ASSOCIATED PRESS Sen. Christopher Dodd, D-Conn., chairman of the Senate Banking, Housing and Urban Affairs Committee, presides over a hearing on the Fairness and Accountability in Receiving Overdraft Coverage Act, Tuesday, Nov. 17, 2009, on Capitol Hill in Washington.Senate Banking, Housing and Urban Affairs Committee Chairman Christopher J. Dodd’s proposed overhaul of the financial sector’s regulatory system is likely to get little or no bipartisan support, as several Republicans on Thursday blasted the plan as a gateway to more Wall Street bailouts.
Sen. Richard C. Shelby of Alabama, the panel’s top Republican, said the bill would institutionalize the notion that some financial institutions are “too big to fail” - a reasoning given for last year’s taxpayer-funded corporate bailout.
“Unfortunately, the Dodd bill does not end ‘too big to fail.’ In fact, it significantly expands the federal government’s ability to bail out not only banks, but any large, politically connected company,” said Mr. Shelby during the committee’s Thursday markup of the measure.
“Mr. Chairman, if the end result is increased moral hazard and greater taxpayer exposure, this entire legislative effort will have been in vain.”

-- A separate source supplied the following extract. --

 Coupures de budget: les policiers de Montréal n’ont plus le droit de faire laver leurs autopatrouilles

Mr. Shelby’s criticism is noteworthy because he and Mr. Dodd, Connecticut Democrat, have a history of working well together on the panel.

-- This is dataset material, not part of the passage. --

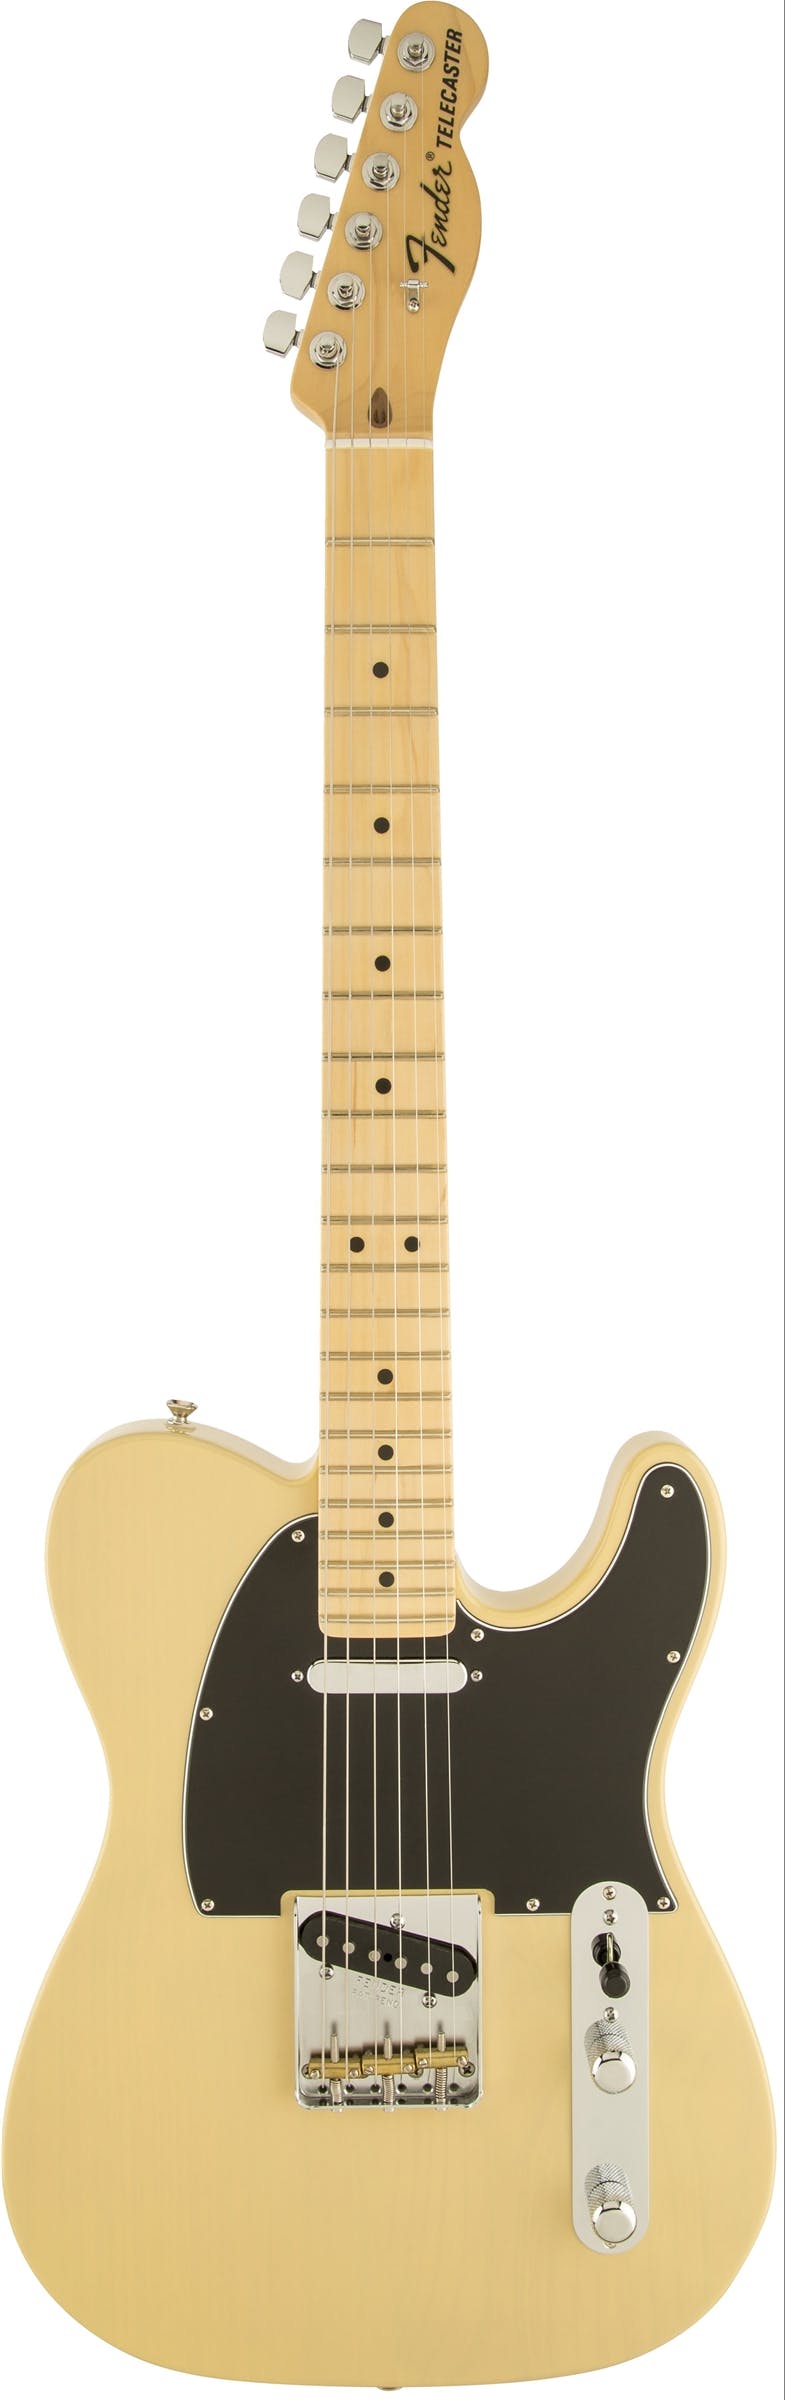 Fender American Special Tele Electric Guitar in Vintage Blonde

The normally reserved Alabama senator, while disagreeing with Mr. Dodd, refrained from vitriol, adding that he was hopeful a compromise could be hammered out.

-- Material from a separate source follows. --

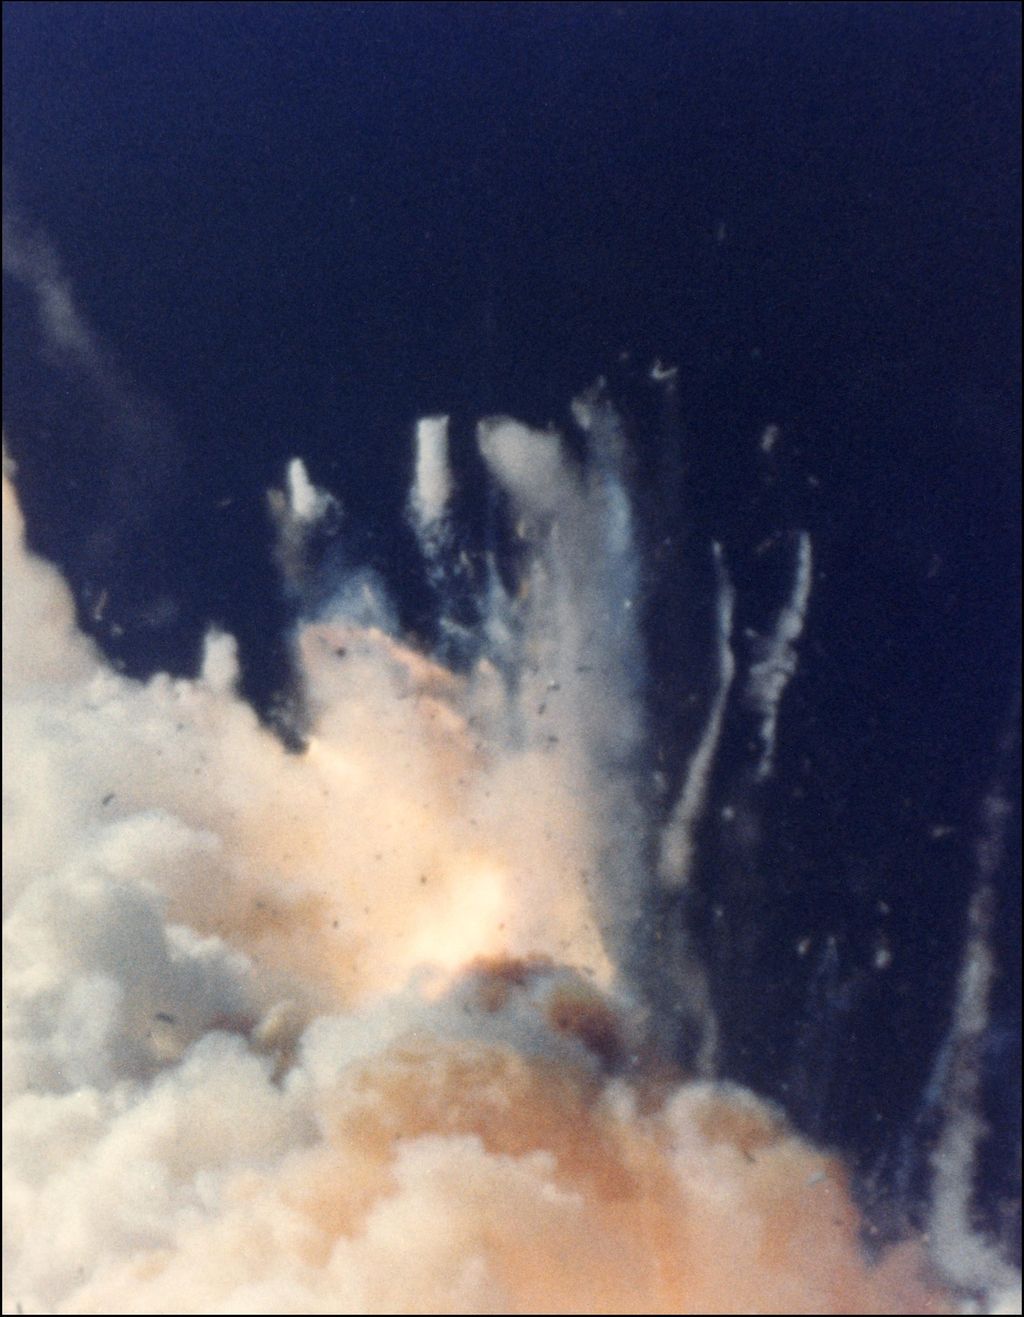 &nbsp; 28 gennaio 1986 esplode lo Shuttle Challenger&nbsp;

“I will be opposing this legislation - not because we disagree on its ends, but rather on its means,” Mr. Shelby said. “For this reason I remain hopeful that we may yet find some common ground.”
Committee Republican Sen. Judd Gregg of New Hampshire called Mr. Dodd’s plan “seriously flawed.”
“It simply goes too far addressing problems of the past rather than focusing on what is truly needed: a sound and efficient regulatory structure that will help consumers, employers and foster economic growth,” he said.
Mr. Gregg added that the Dodd proposal risks “severe market disruption” through unintended consequences.
“Piling on layers of complex bureaucracy will only blur the lines of regulatory accountability,” he said.
But Mr. Dodd defended his bill by saying it would fill “gaping holes in our regulatory structure” by replacing the “myriad government agencies that failed to rein in risky schemes of large banks and Wall Street firms.”
“No longer will the Federal Reserve’s emergency lending authority be used to prop up a failed institution,” he said. “Our regulatory system was created in bits and pieces over decades. And it shows.”
Mr. Dodd’s measure, like a similar version passed recently by the House, would establish new regulations and protections in an attempt to avoid future economic meltdowns.
It calls for an independent watchdog agency to give consumers new protections against excessive credit-card rate and fee increases, predatory lending practices and deceptive mortgages that helped fuel the nation’s economic woes.